Where off-road buttons exist in the regular G-Class’ center console, there’s an extra pair in the EQG. One is hidden for now, but the other enables what Mercedes-Benz describes as the “G-Turn.” Press it, off-road only, and the individual electric motors spin one way on the driver’s side and the opposite on the other side. This allows the EQG to turn on its own length, turning much like a tracked vehicle. This capability is a capability quirk of the four individual motors, and while potentially useful in tight off-road situations, what the G-Turn really demonstrates is the unique handling potential its electric drivetrain offers, which can be extremely beneficial. both on-road and off-road.

Rear of the 2025 Mercedes Benz EQG prototype

No money, no problem

The G-Class engineers seem to have integrated all those electric motors, the battery and all the associated control electronics as well as the heating and ventilation equipment into the space usually occupied by the internal combustion engine, the gearbox and 4×4 equipment. Unlike some electrified models that free up space under the hood, so there’s no frunk storage. But the EQG still offers the huge trunk and generous interior of the current G-Class.

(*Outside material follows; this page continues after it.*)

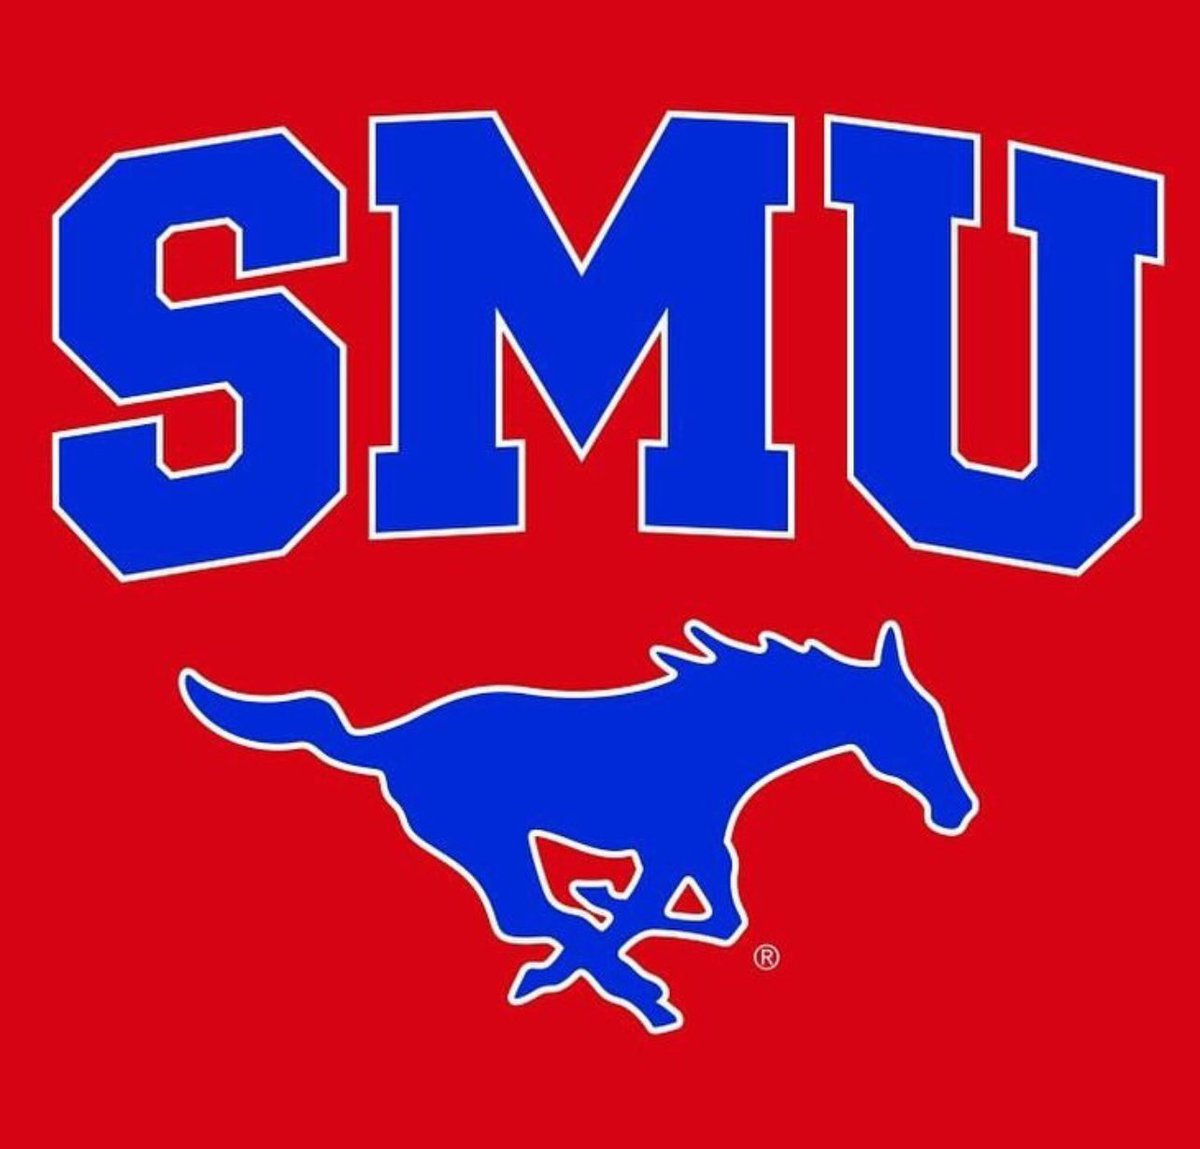 Blessed and excited to say that I’ve received an offer from Southern Methodist University @diablocjohnson @missionfootball @rhino86er @ChadSimmons_ @GregBiggins @adamgorney

300 miles of range is a possibility

No one is ready to argue about battery capacity or chemistry, but we do know that, consistent with the rest of the EQ offerings, the EQG will choose items from existing parts and adapt them accordingly. It’s reasonable to expect the G-Class to feature the largest battery currently offered in the EQ range, the 108kWh one used in the EQS and EQS SUVs. Given the expected weight, which we estimate at around 6,600 pounds, and the less slippery aerodynamics of the G-Class, we suggest a potential maximum range of around 310 miles. During our long off-road ride, it only used around 7-8% of its charge, with the energy consumed on the climbs being offset by useful regeneration on the descents.

Mercedes-Benz is known for developing higher density batteries, with up to 20% more capacity, and rumors are circulating that the G-Class could be the first EQ production model to receive these new cells. Certainly, given the volume and aerodynamics of the EQG, any advantage these batteries might bring would be put to good use here.

As for charge times, the fastest chargers allow current EQ models to charge from 10% to 80% capacity in around 30 minutes. It is inconceivable that the EQG would be offered with less capacity and, indeed, could benefit from even faster charging technology. After all, current EQ models use a 400-volt architecture, while rivals like the Porsche Taycan use an 800-volt system for faster charging.